ASSIGNMENT →
Everything in the listing below must be reproduced exactly, apart from its images.
----- INPUT DATA -----
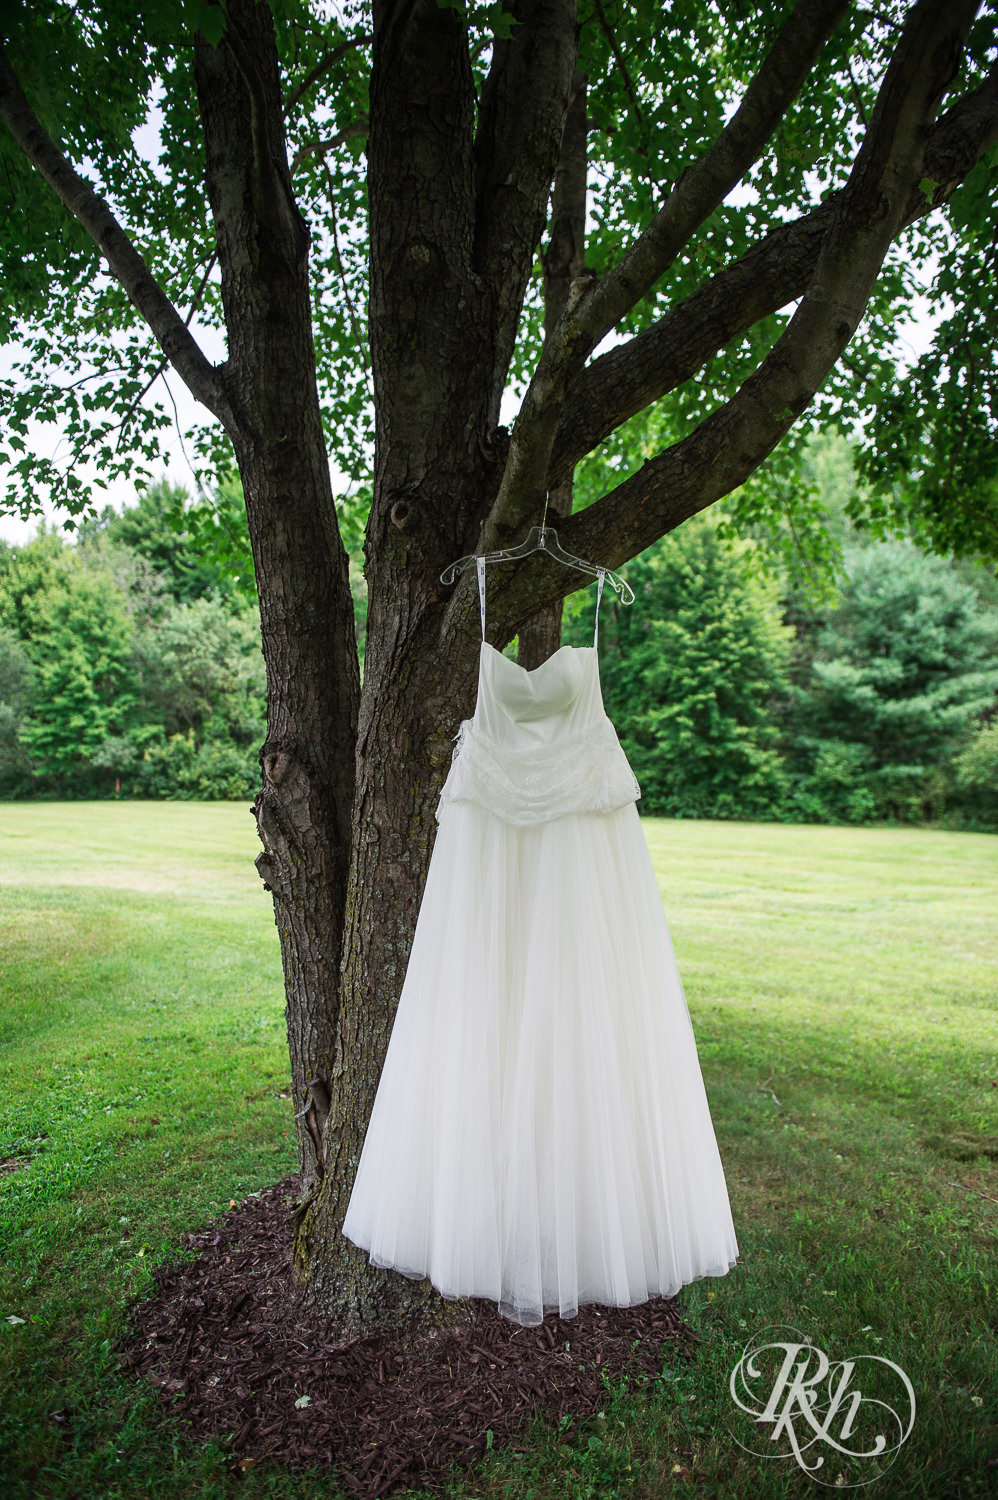 Wedding dress hanging from tree in Elk Mound, Wisconsin.
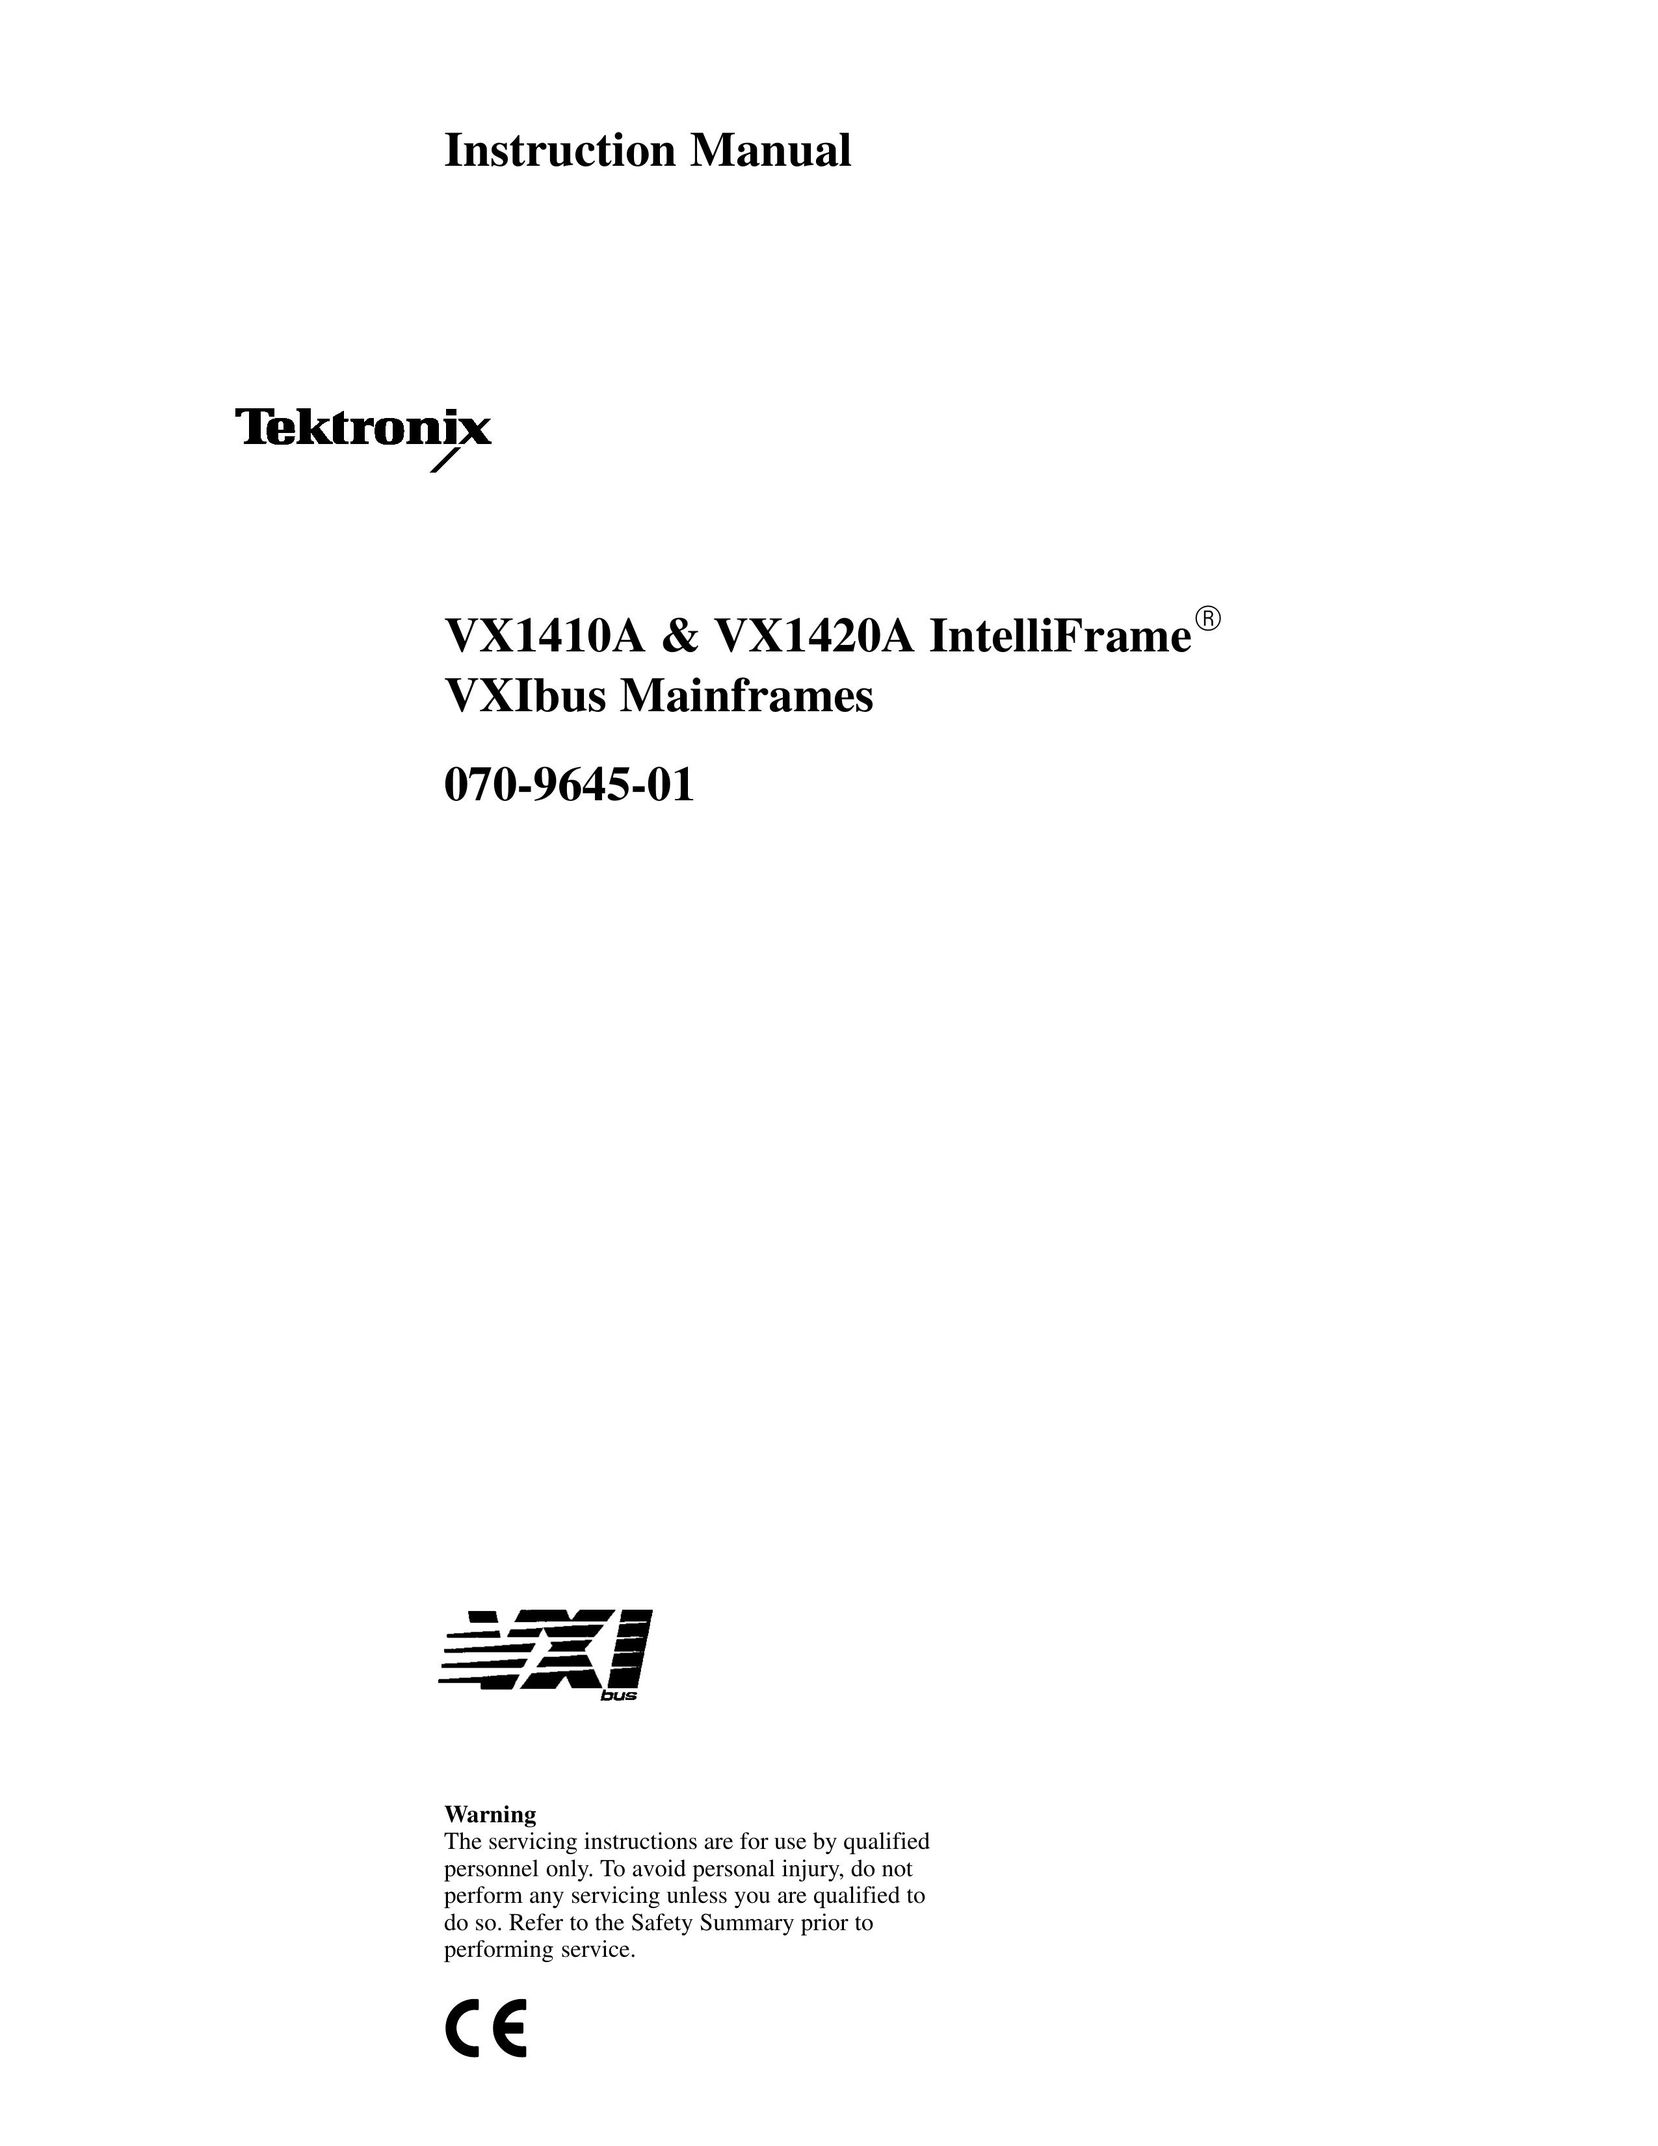 VXI VX1410A Computer Hardware User Manual
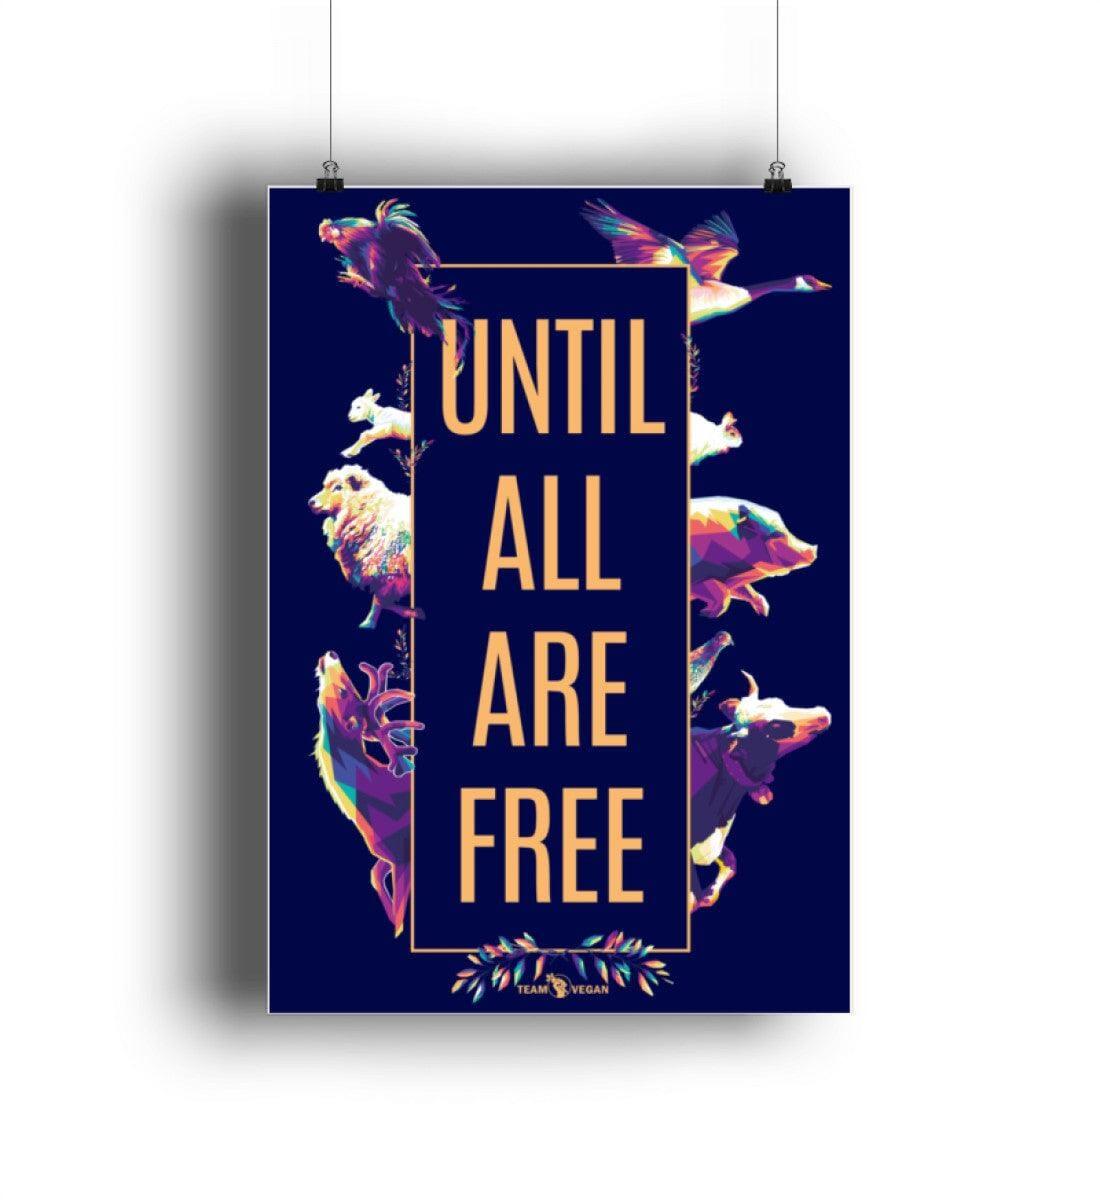 Until all are free - Poster - Team Vegan © vegan t shirt
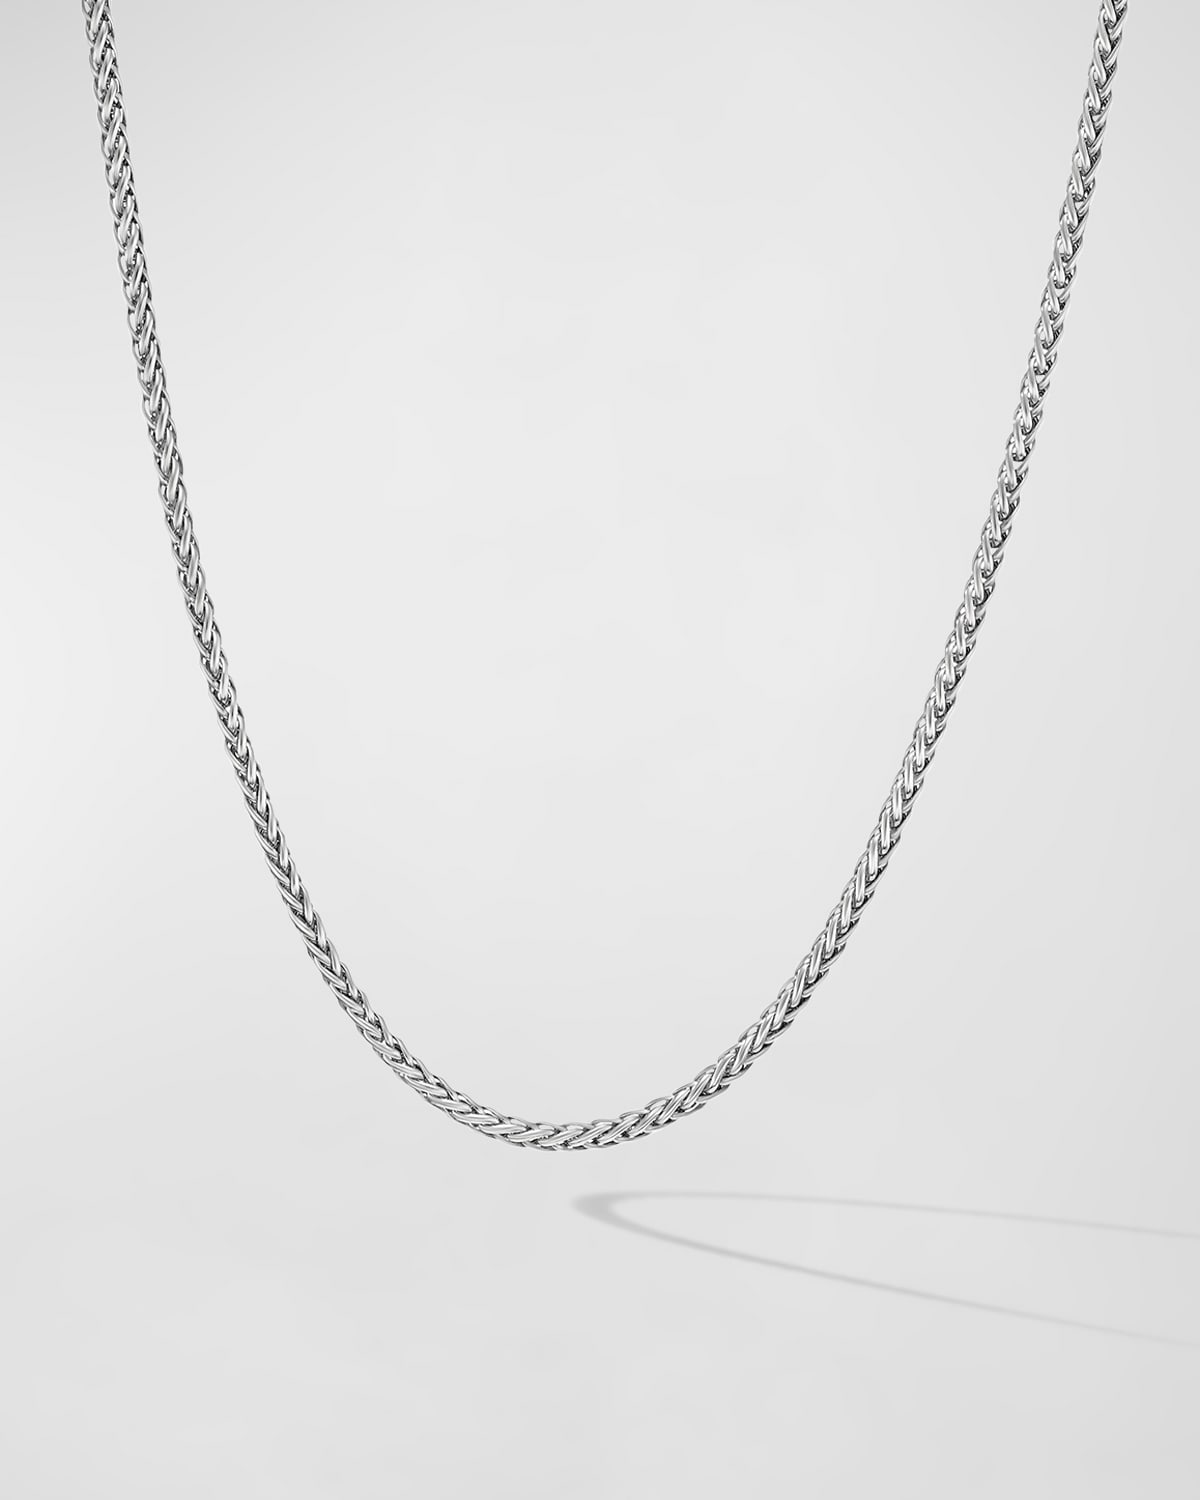 David Yurman Men's Wheat Chain Necklace in Silver, 2.5mm, 18"L
-----
EXERCISE ANSWER →
 Wedding dress hanging from tree in Elk Mound, Wisconsin.
 VXI VX1410A Computer Hardware User Manual
 Until all are free - Poster - Team Vegan © vegan t shirt
 David Yurman Men's Wheat Chain Necklace in Silver, 2.5mm, 18"L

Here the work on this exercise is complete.